Online problems are different from bug during development, and are related to runtime environment, stress, concurrency, and specific business. For online problems, using the tools available in the online environment, collecting the necessary information is very important to locate the problem.
For the bug and resource bottlenecks that cause the problem, it is difficult to obtain data intuitively, so it is necessary to speculate the root cause of the problem according to the resource usage data, logs and other information.
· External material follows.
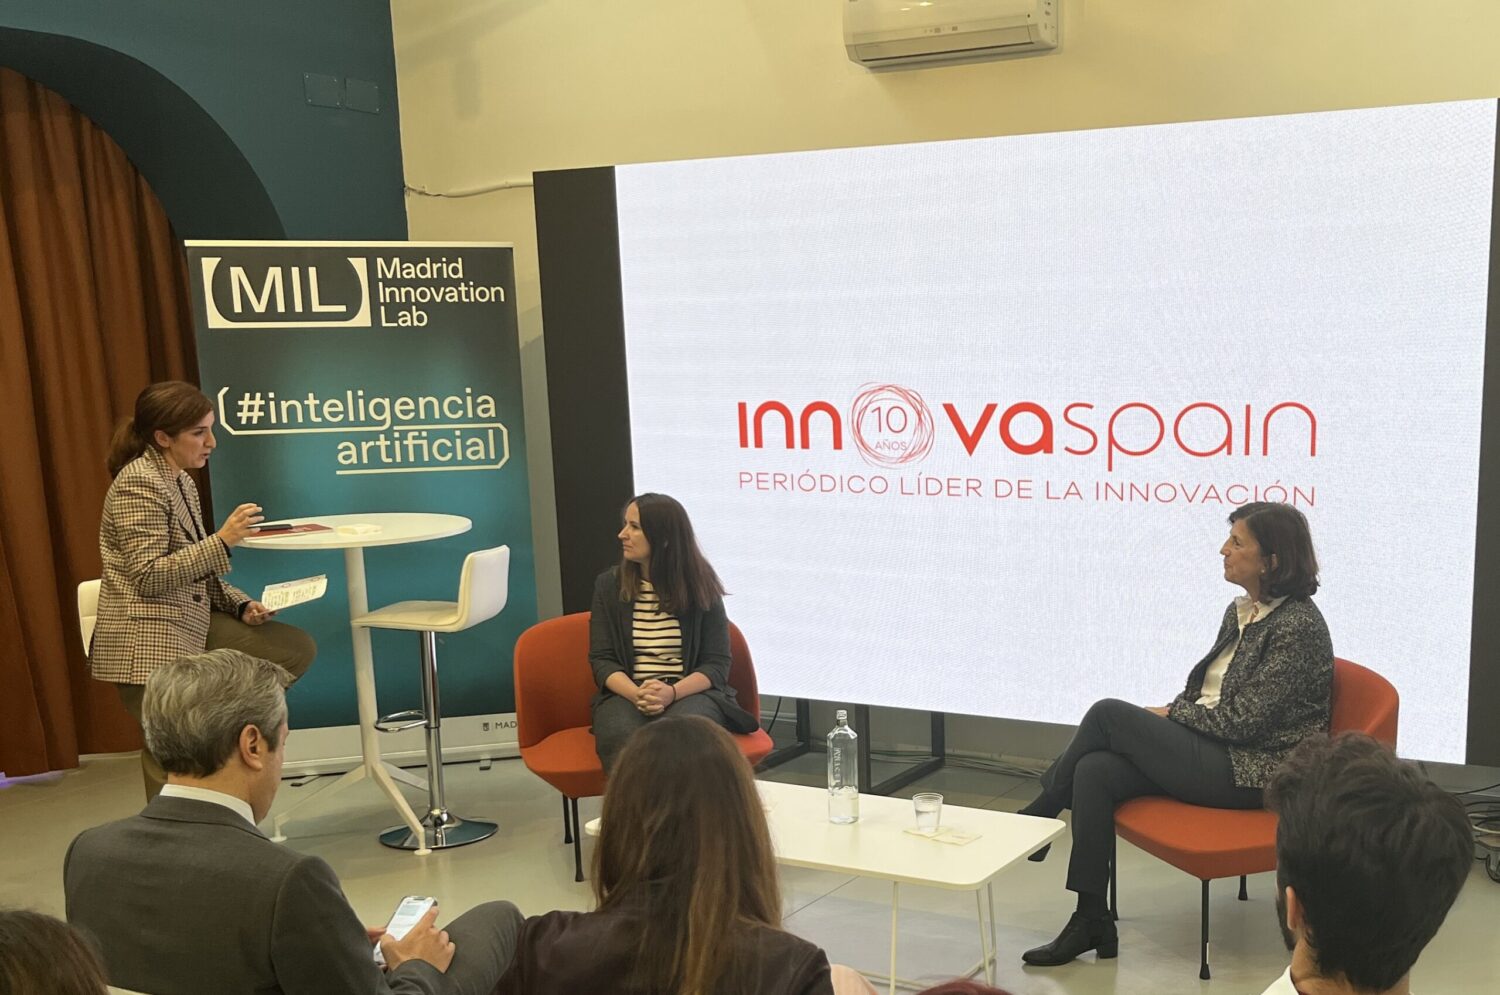 Paloma Domingo participates in the presentation of the “Yearbook of Innovation in Spain” by Innovaspain

And the location of difficult problems usually need to use different methods to trace back to the source.
In this wiki article, I sorted out the tools I used and shared some examples.
1. common problem
1.1 availability
Here are several common situations that lead to service availability:
A) 502 Bad Gateway
Nothing is more serious for applications, especially those based on http, than "502 Bad Gateway", which means that back-end services are completely unavailable.
Insufficient resources 1: garbage collection can cause serious application pauses in the case of CMS application memory leaks or insufficient memory.
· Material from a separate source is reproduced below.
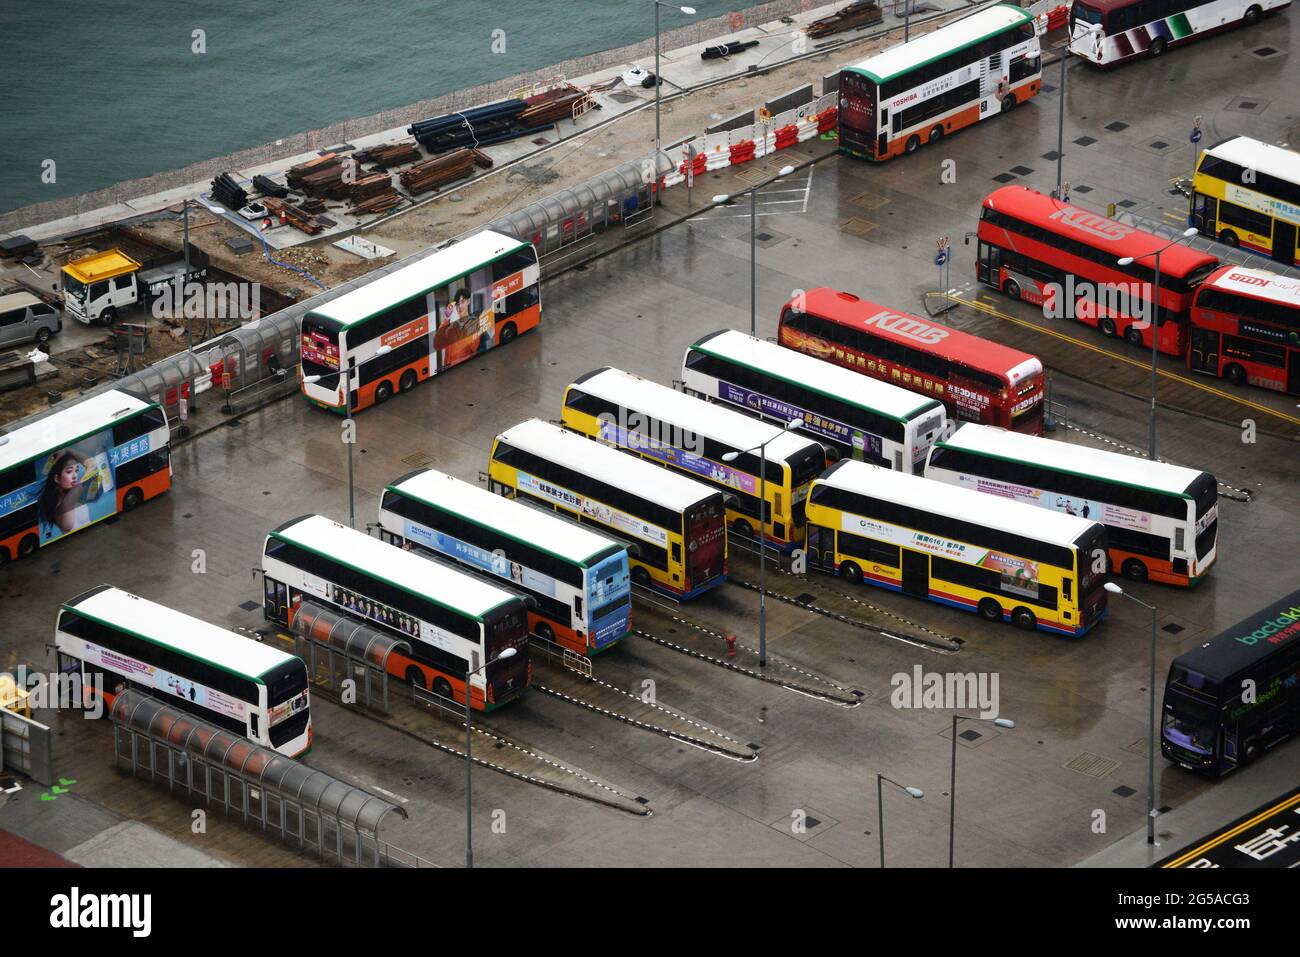 Aerial view of HK Double Decker busses in a parking lot in Wan Chai, Hong Kong. Stock Photo

Insufficient resources 2: insufficient number of server threads. Common web server, such as tomcat jetty, are configured with maximum worker threads.
Insufficient resources 3: insufficient database resources, database usually configured with connection pool, low maxConnection configuration and too many slow queries will block worker threads that live in web server
Insufficient resources 4:IO resource bottleneck, online environment IO is shared, especially for mixed environments (CRM fortunately does not have this case, but there are many agent), our commonly used log4j logging tool is also an exclusive resource for each recorded log file, and the thread needs to acquire the lock before recording data to the log.
......
All kinds of OOM
B) Socket exception
Common Connection reset by peer,Broken Pipe,EOFException
Network problems: may be encountered in the case of cross-operator and computer room access
Program bug:socket shuts down abnormally
1.2 average response time
The most intuitive indication of a problem with the system. This parameter can give early warning before the deterioration of the situation infects other services and causes the entire system to become unavailable. Possible reasons:
Resource competition 1:CPU
Resource competition 2:IO
Resource competition 3:network IO
Resource competition 4: database
Resource competition 5:solr, medis
Downstream interface: exception causes response delay
1.3 Machine alarm
Compared with the unavailability of the application service, such errors do not directly cause the service to be unavailable, and if there is confusion, multiple services deployed by the machine may interfere with each other:
CPU
Magnetic disk
Fd
IO (Network disk)
1.4 Summary
Written for a long time, many cases are repeatedly mentioned, usually the cause of online problems is nothing more than system resources, applications, master the tools to monitor and view these resources, data, it is easier to locate online problems.
2 commonly used tools
2.1 Linux tools
A) sysstat:
Iostat: view read and write pressure
[sankuai@cos-mop01 logs] $iostat Linux 2.6.32-20131120.mt (cos-mop01.lf.sankuai.com) October 21, 2015 _ x86. 644 CPU avg-cpu:% user% nice% system% iowait% steal% idle 1.88 0.00 0.87 0.12 0.05 97.07 Device: tps Blk_read / s Blk_wrtn/s Blk_read Blk_wrtn vda 1.88 57.90 12.11 2451731906 512911328 vdb 0.01 0.40 1.41 17023940 59522616 vdc 1.14 28.88 36.63 1223046988 1551394969
Sar: view CPU network IO IO. Enable parameters to view historical data.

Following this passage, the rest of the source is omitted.